How to complete this task: After locating "Sculpture Interior Decor</span></a>", return its line and all lines that follow through the end of the listing below, exactly; leave out pictures.

Given data:
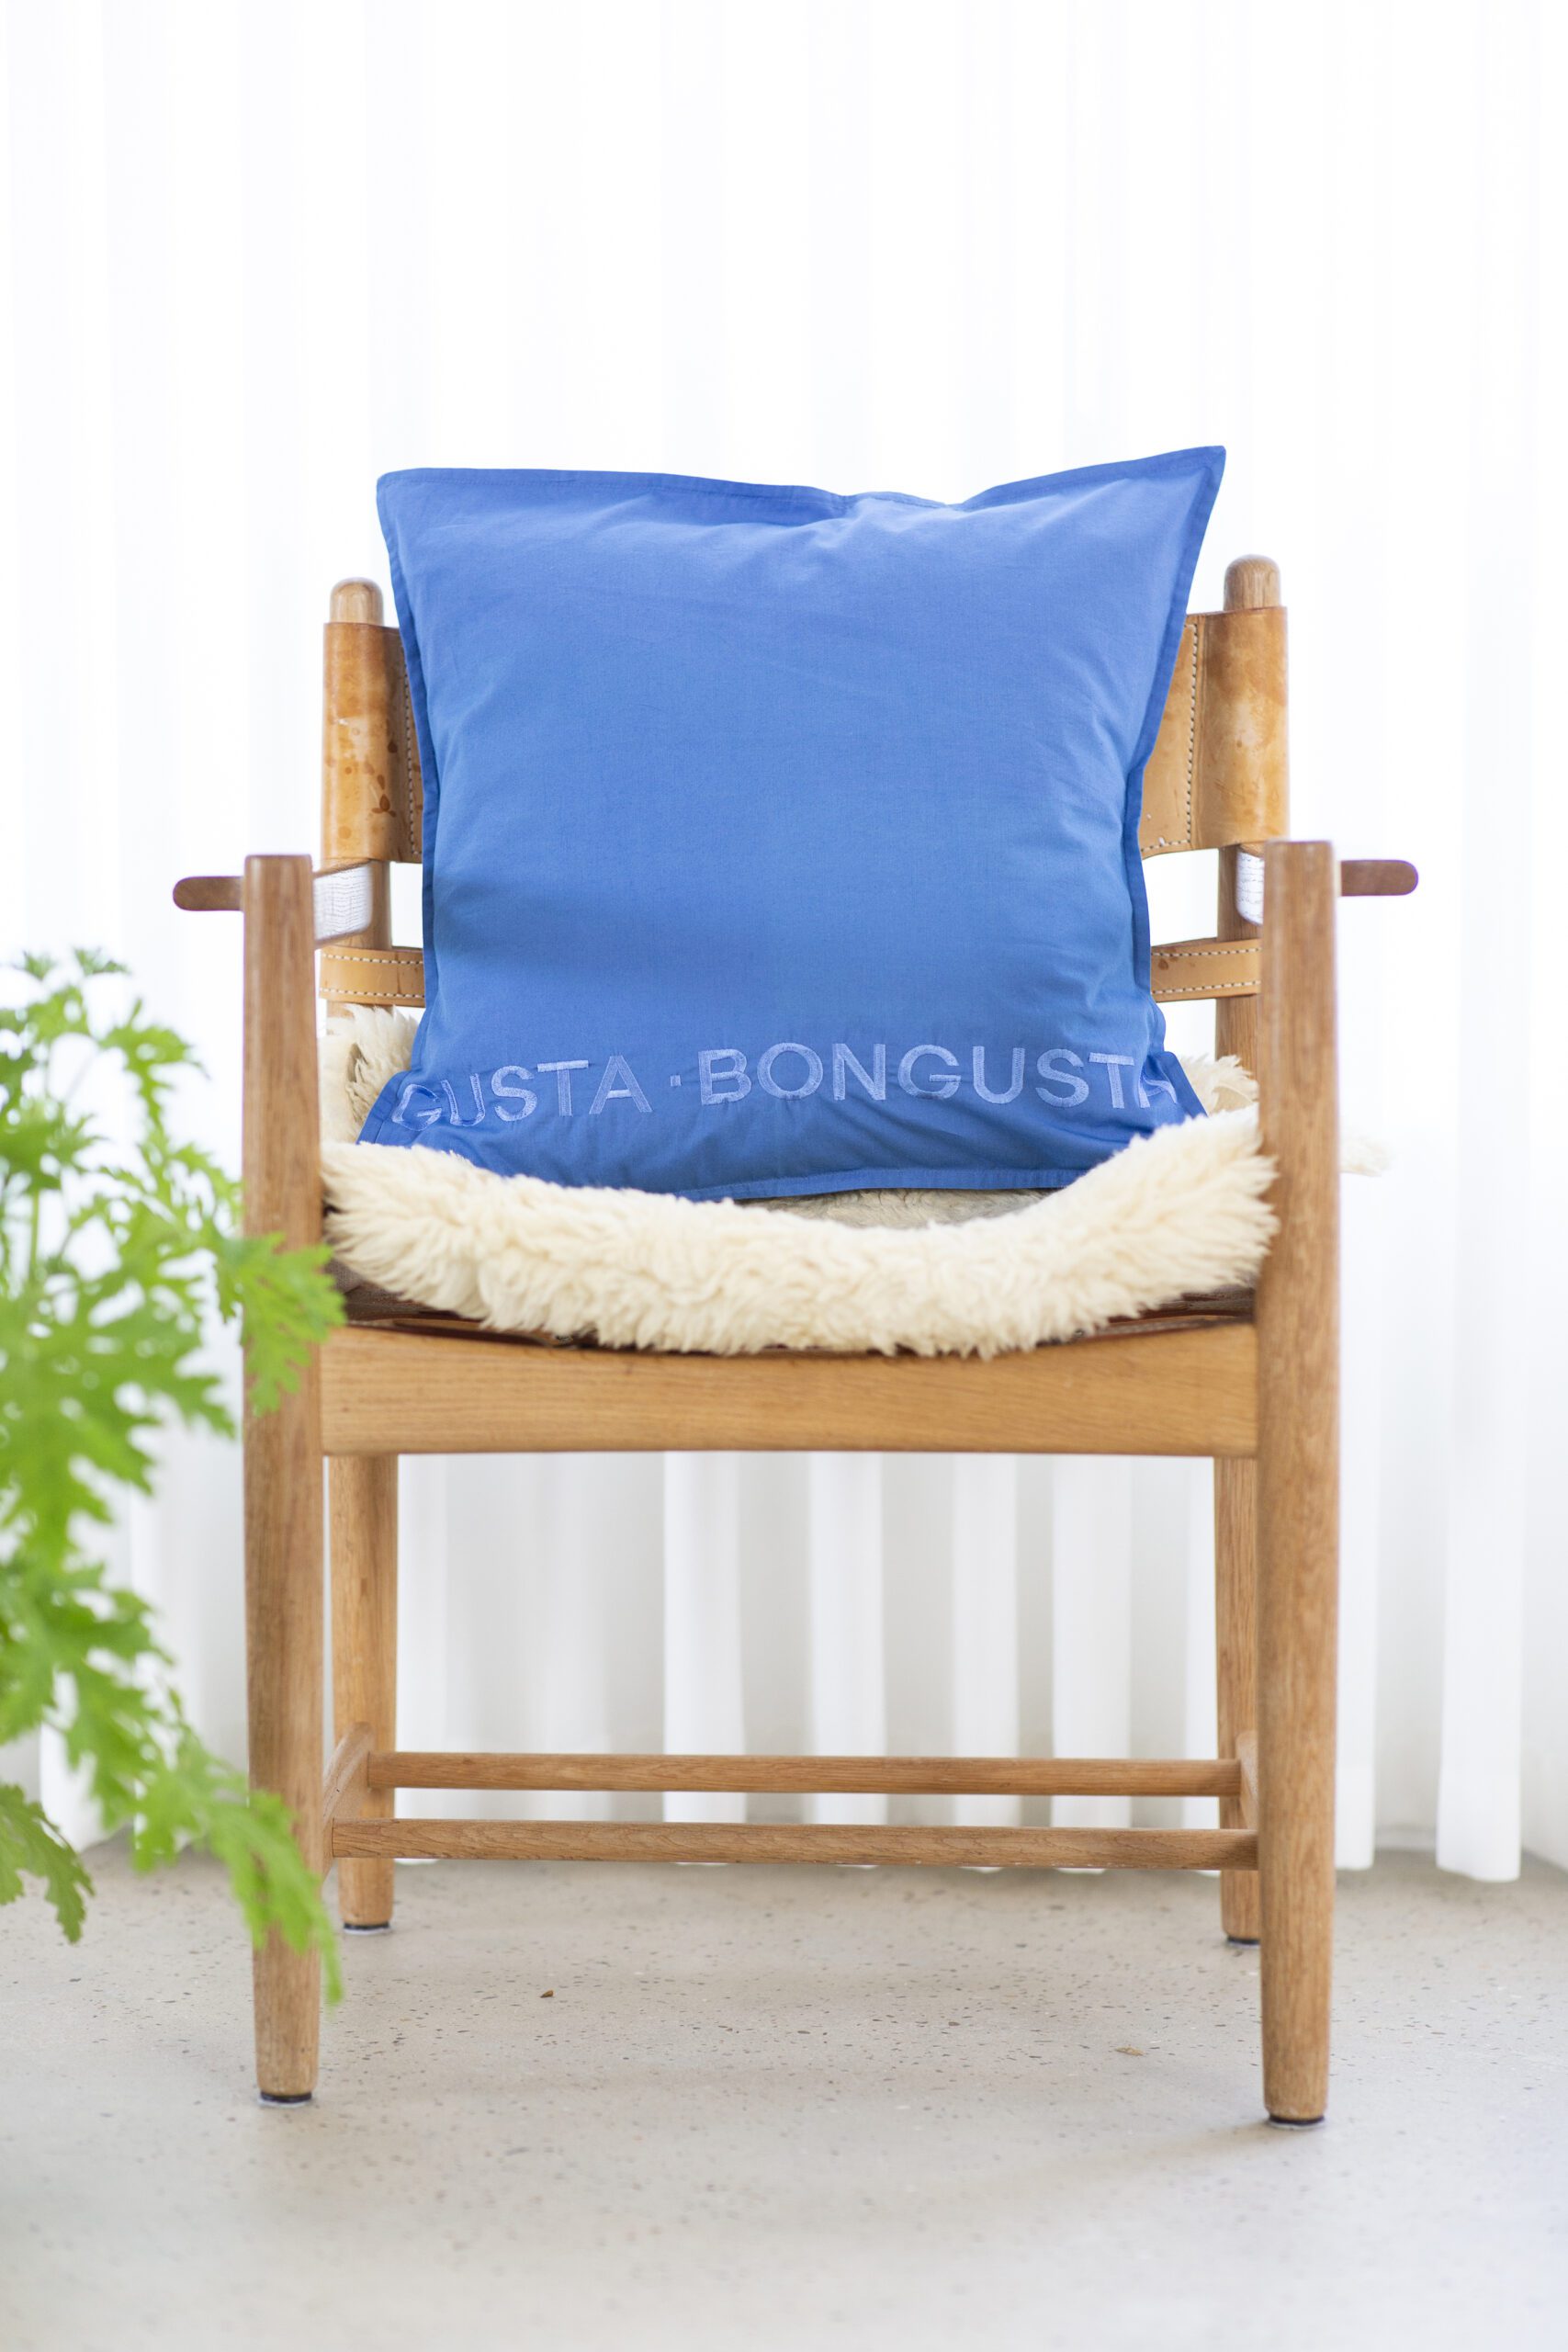 Bongusta Halo Pillow, Ultramarine blue
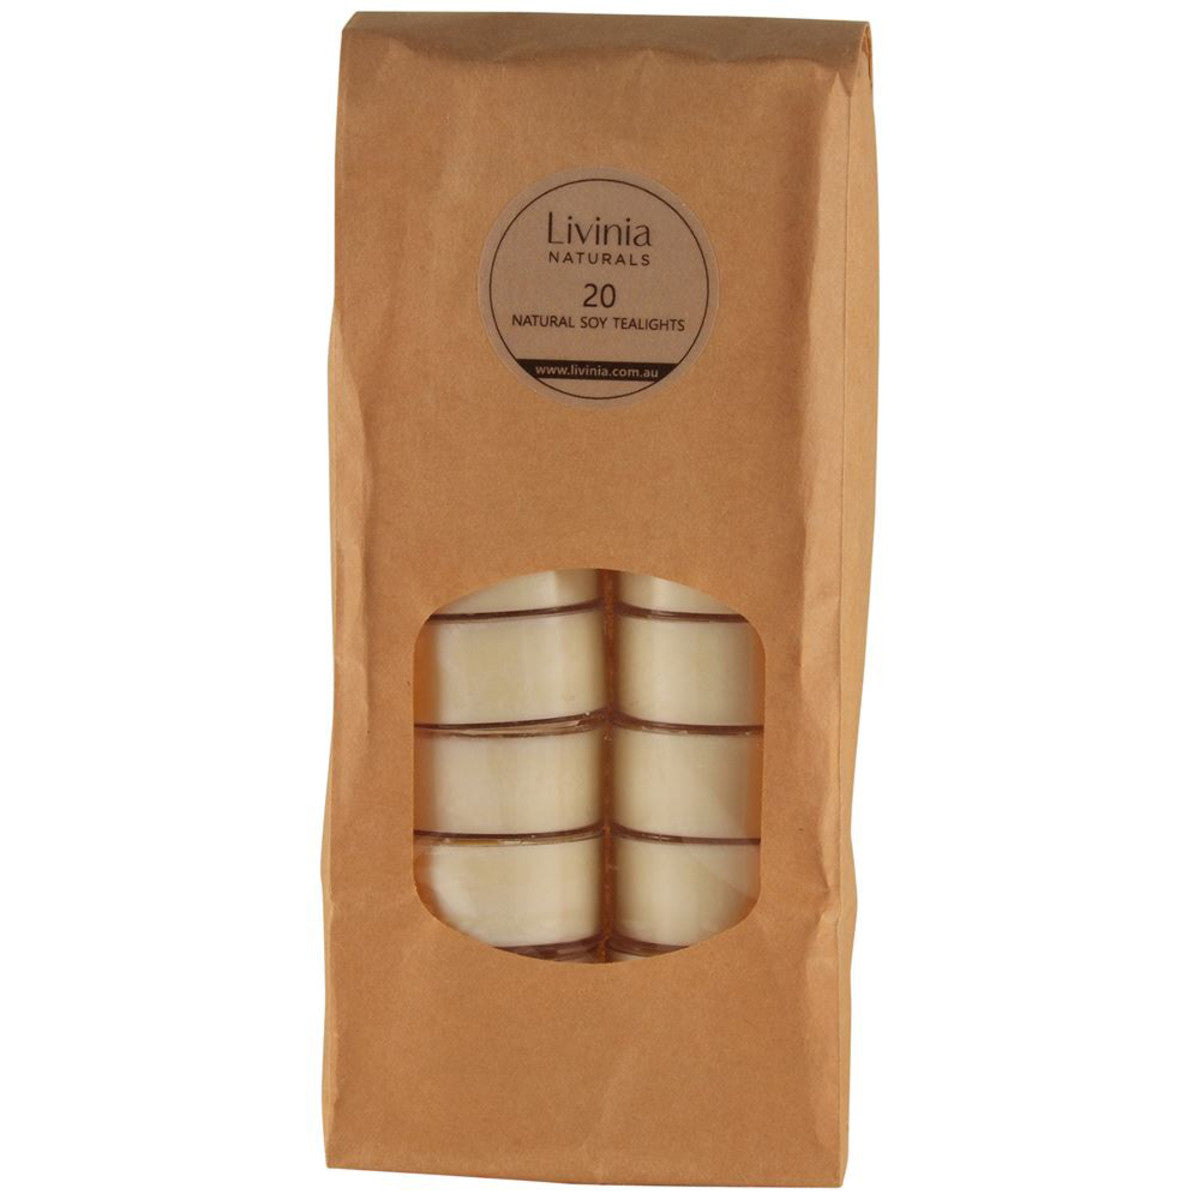 Livinia - Soy Tea Light Candles x 20 Pack
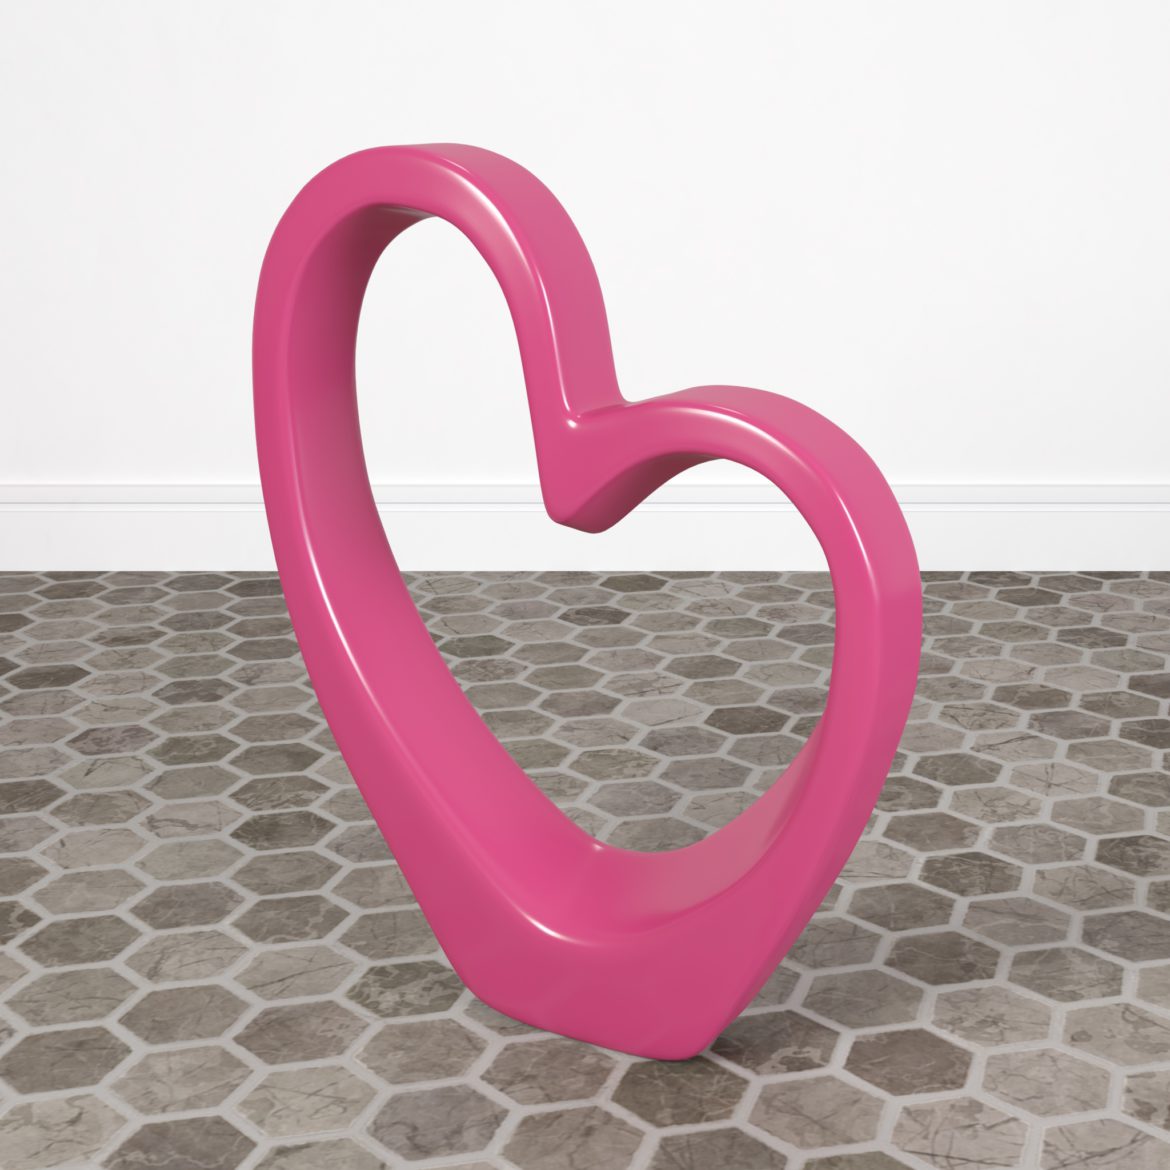  <a class="continue" href="https://www.flatpyramid.com/3d-models/furniture-3d-models/home-office-furniture/other-home-and-office-furniture/heart-sculpture-interior-decor/">Continue Reading<span> Heart Sculpture Interior Decor</span></a>
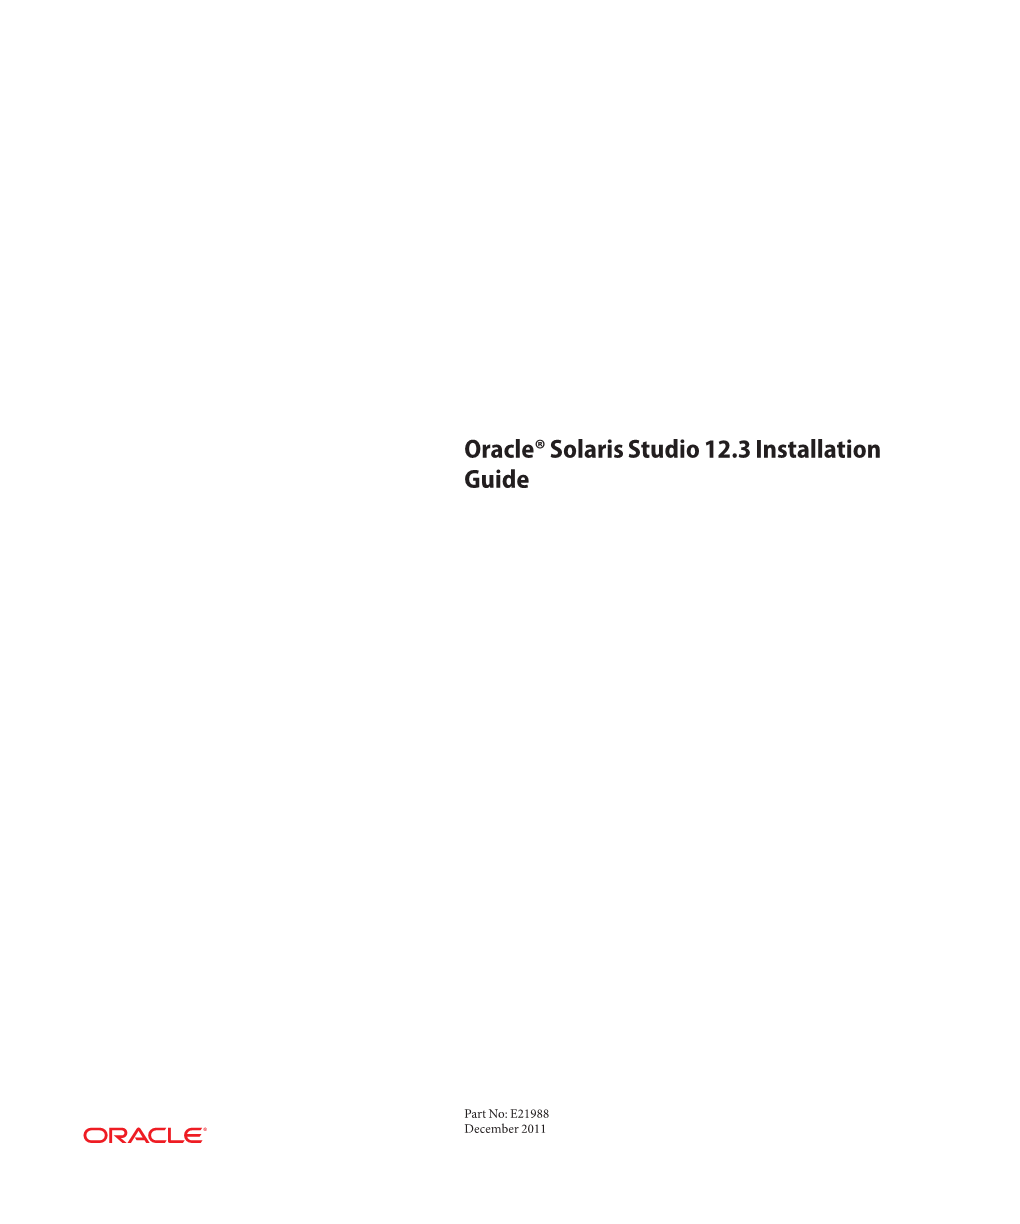 Oracle Solaris Studio 12.3 Installation Guide • December 2011 Contents

Solution to this problem:
  <a class="continue" href="https://www.flatpyramid.com/3d-models/furniture-3d-models/home-office-furniture/other-home-and-office-furniture/heart-sculpture-interior-decor/">Continue Reading<span> Heart Sculpture Interior Decor</span></a>
 Oracle Solaris Studio 12.3 Installation Guide • December 2011 Contents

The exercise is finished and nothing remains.